Welcome to my Expected Goals Model built on NHL Play By Play (PBP) data. Expected Goals Models can be built in several ways, but at the core of it they are all trying to predict the probability of a shot, or a group of shots, becoming a goal. Over a game you can assess the player’s impact based on this metric even if they don’t score. You can also downgrade a players performance based on this metric if they just happen to get lucky and score a goal. Expected Goals is the new metric in hockey and I built mine off a multiple logistic regression.

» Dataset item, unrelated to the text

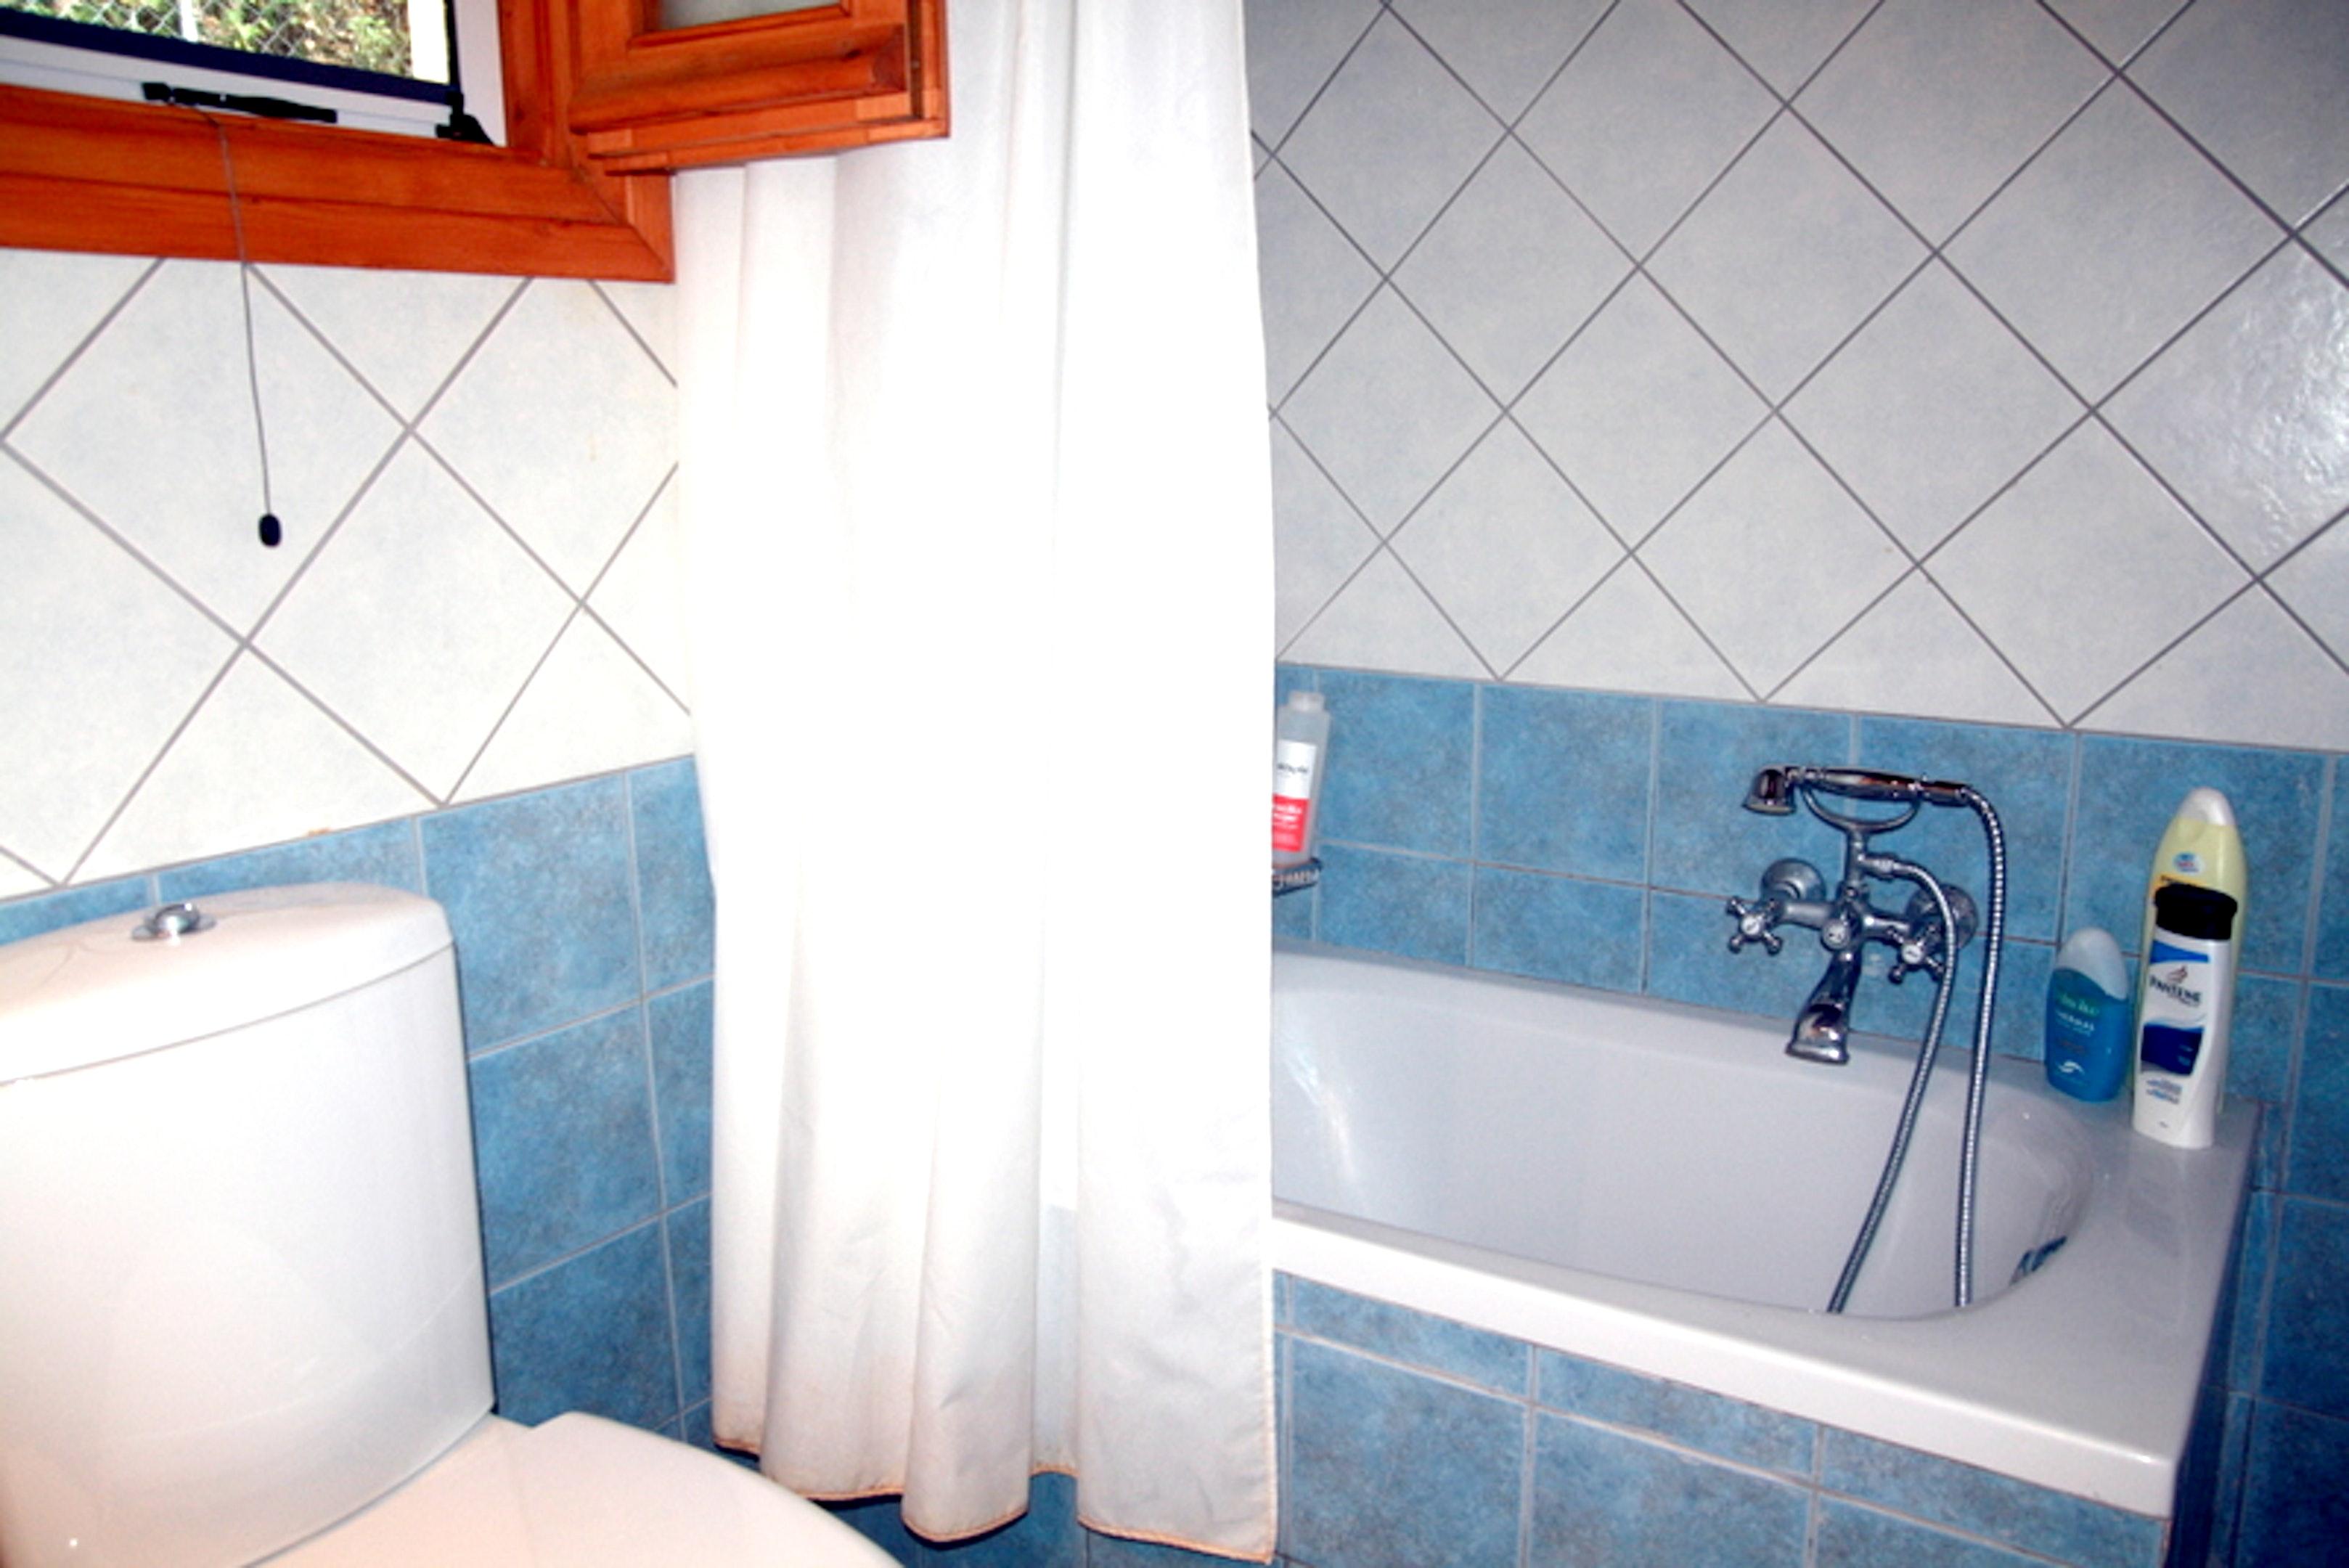 Maison de vacances Haus mit 2 Schlafzimmern in Corfou mit toller Aussicht auf die Berge (2202447), Moraitika, Corfou, Iles Ioniennes, Grèce, image 11

I took the values provided to me in the data set, like the location of the shot or the shot type, and added values I extrapolated from the data set, like the angle the shot was take from the net, if the shot was take closely after a turnover, and many more.
There were several difficulties up front. It was difficult to find data with shot location data. Then creating parameters like ‘Shot Angle’ required an understanding of the dimensions of an ice rink and how that fits into the data, or understanding how the data is structured to determine variables like is_rebound.
I’ll walkthrough the model at a high level but for a more in depth view of the data cleaning please see the r file in my github repository. (https://github.com/rdoherty2019/rdoherty2019.github.io/blob/master/hockey/expectGoalModel.R)
I was able to source the data from : https://www.kaggle.com/datasets/martinellis/nhl-game-data I was able to merge it together and separate the values into seasons in Python. I’m more comfortable working in Python and was able to create several CSVs worth of data for this model to be built on.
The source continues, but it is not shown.